Il liceo Pilo Albertelli, il PNRR, il digitale e la scuola della Costituzione

disto-pedagogia

Le nuove tecnologie ti stanno dando la libertà di non dover scegliere.

Spot televisivo TIM, 2016

di Anna AngelucciAssociazione nazionale “Per la scuola della Repubblica

La vicenda del liceo Pilo Albertelli (con il suo consiglio d’istituto che rifiuta i progetti di scuola digitale finanziati coi fondi del PNRR) sta assumendo una dimensione molto ampia ed offre a tutti noi – genitori, docenti, studenti, esperti, studiosi – la preziosissima occasione di riflettere sul tema delle trasformazioni implicate nella coazione al digitale imposta massicciamente dal PNRR, a scuola e oltre.

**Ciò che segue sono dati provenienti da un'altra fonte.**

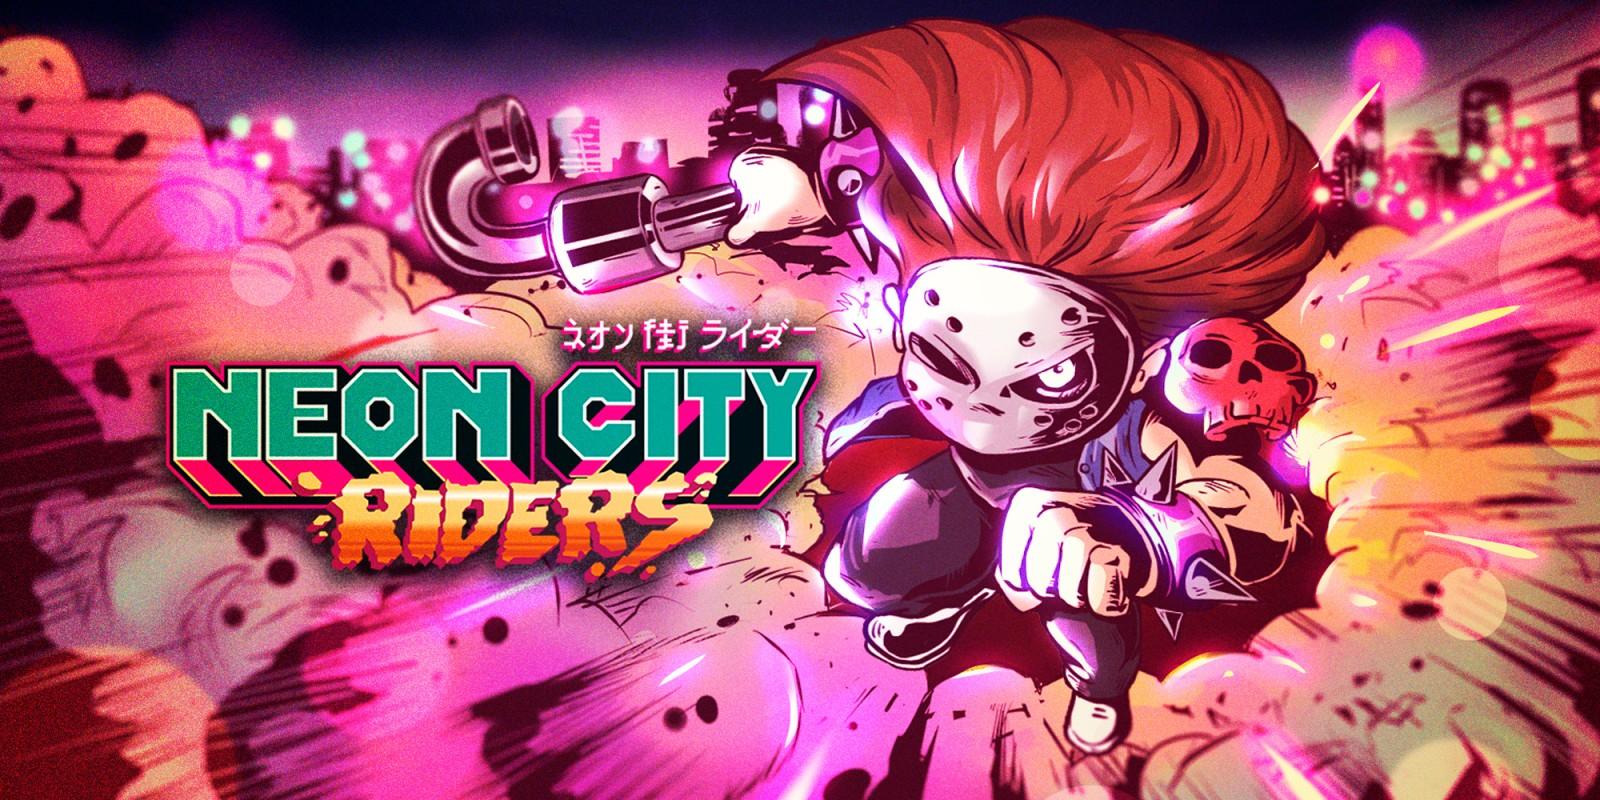 Обзор Neon City Riders – олдсукльный хардкор

Se il dibattito sollevato trascende il dato concreto e investe questioni politiche, come è stato giustamente osservato, direi che questo non costituisce un limite. Mi permetto di sottolineare che molte nostre scelte di vita trascendono il dato concreto e rimandano a questioni politiche. Comprare un libro nella libreria di quartiere o su Amazon; utilizzare su Internet piattaforme proprietarie o pubbliche; segnare nostro figlio in una scuola piuttosto che in un’altra; invitare a un dibattito un relatore e non un altro; approfondire in classe o in famiglia un certo argomento e tralasciarne altri; indossare una maglietta di un brand noto, di una cooperativa equa e solidale oppure anonima; comprare il latte al supermercato o al negozietto sotto casa: sono tutti gesti concreti che implicano scelte di natura politica, ove politica rimanda a polis, politiké, ovvero al nostro modo di essere cittadini e di vivere nel mondo.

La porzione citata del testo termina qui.